"Anyone who can get through a newspaper," Jeanne Murray Walker says,
"will find this book a piece of cake." Indeed, the poems in this book
are strong but unpretentious pieces rich in meaning and feeling.
The poems in New Tracks, Night Falling acknowledge that we are people
driven and divided by fear. They talk about racism, war, loss, greed,
alienation, our disregard of the earth, and our disregard of each other.
Sometimes we feel like night is falling in the bright light of day. Yet
we get glimpses of hope, of what could be:
In this dark time I want to make light bigger,
to toss it in the air like a pizza chef,
to stick my fists in, stretching it
till I can get both arms into radiance above the elbow
and spin it above us.
Hope continually threads its way through these poems.

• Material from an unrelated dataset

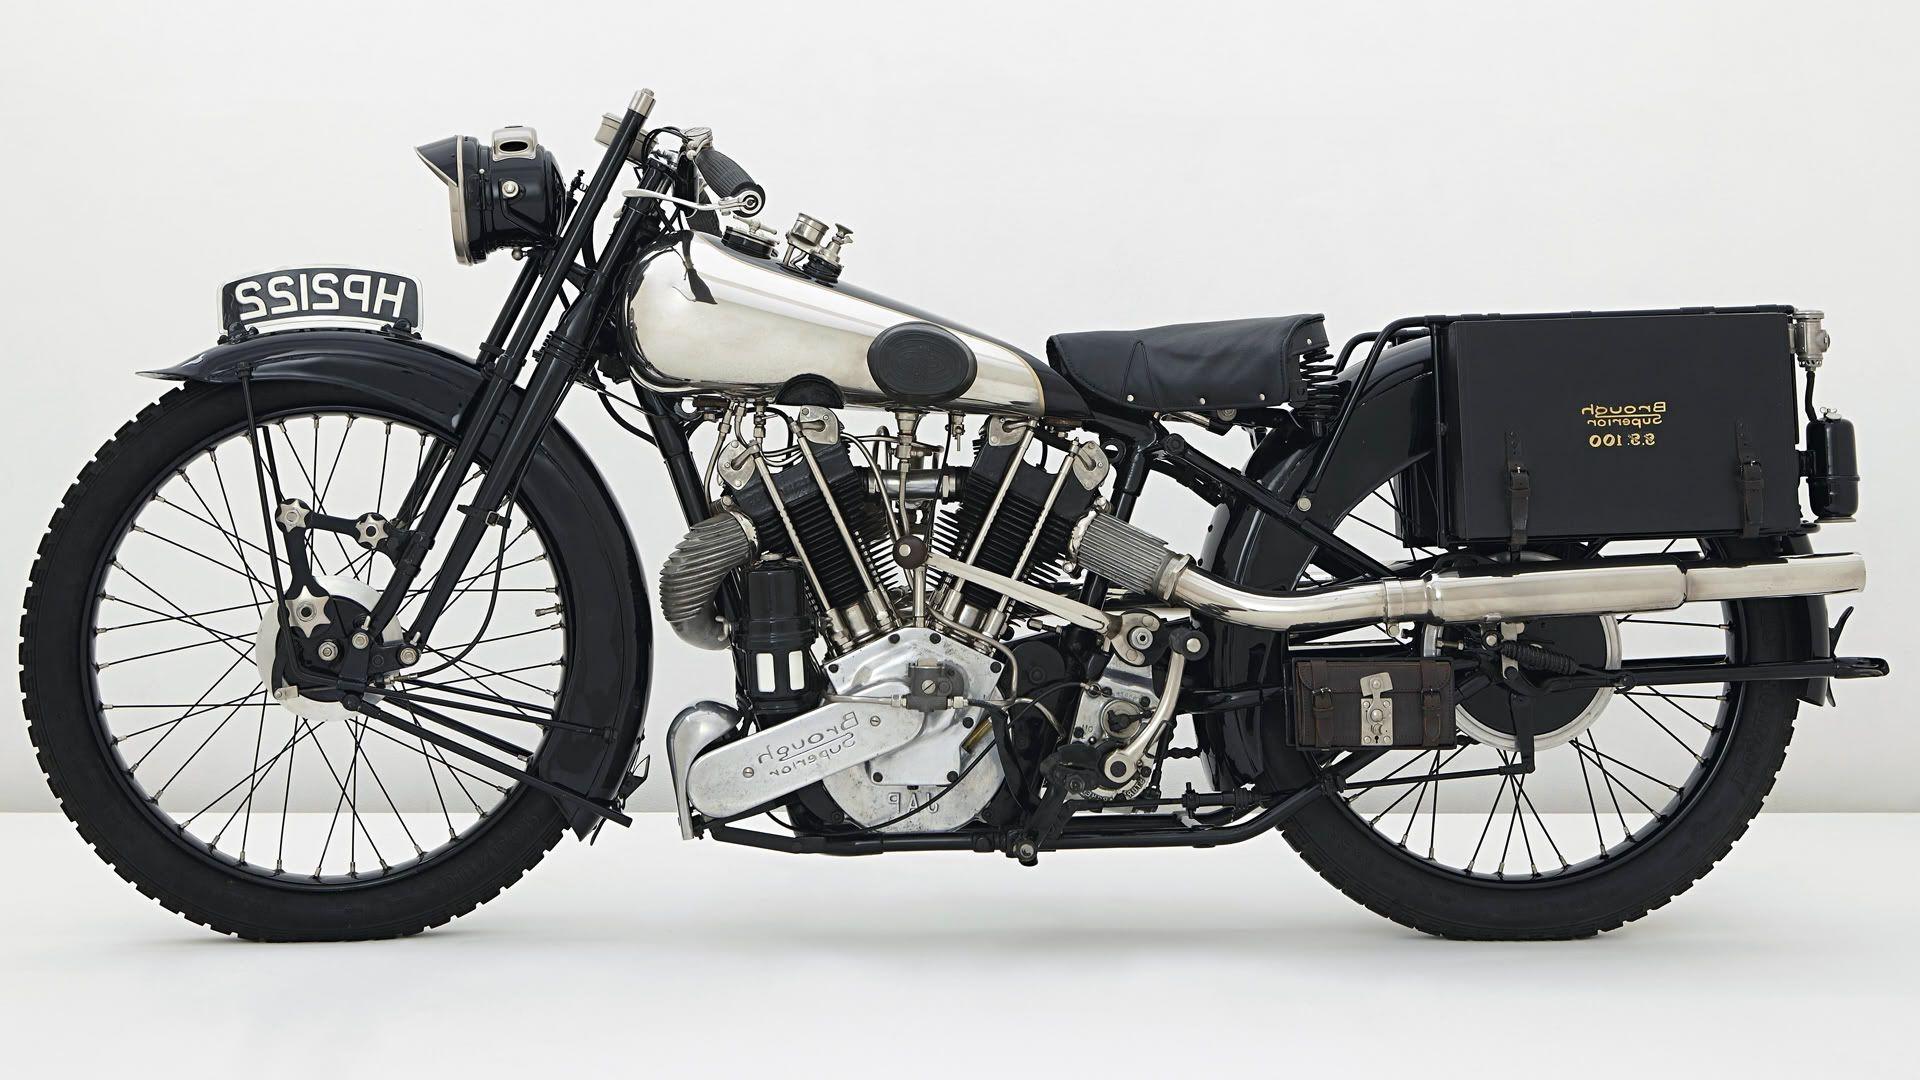 Vintage Motorcycle Wallpaper Images Free Download Vintage

We hear its voice
as Walker writes about choices -- both those we make and those beyond
our making.
And we feel hope rising like bread when Walker focuses on the gifts of
potential, resolution, mercy, joy -- the new tracks that we can make in
fresh snow, on old paths, along the roads more or less traveled. These
are stays against the falling night.
With a keen eye for both physical and emotional detail, Walker explores
a journey that all of us are on, and she does so in a way that speaks to
our deep fears and deeper joys, that engages and inspires. Tempering
somber notes with more joyful ones, she reminds us of the good things,
great and small, that are still possible in this world.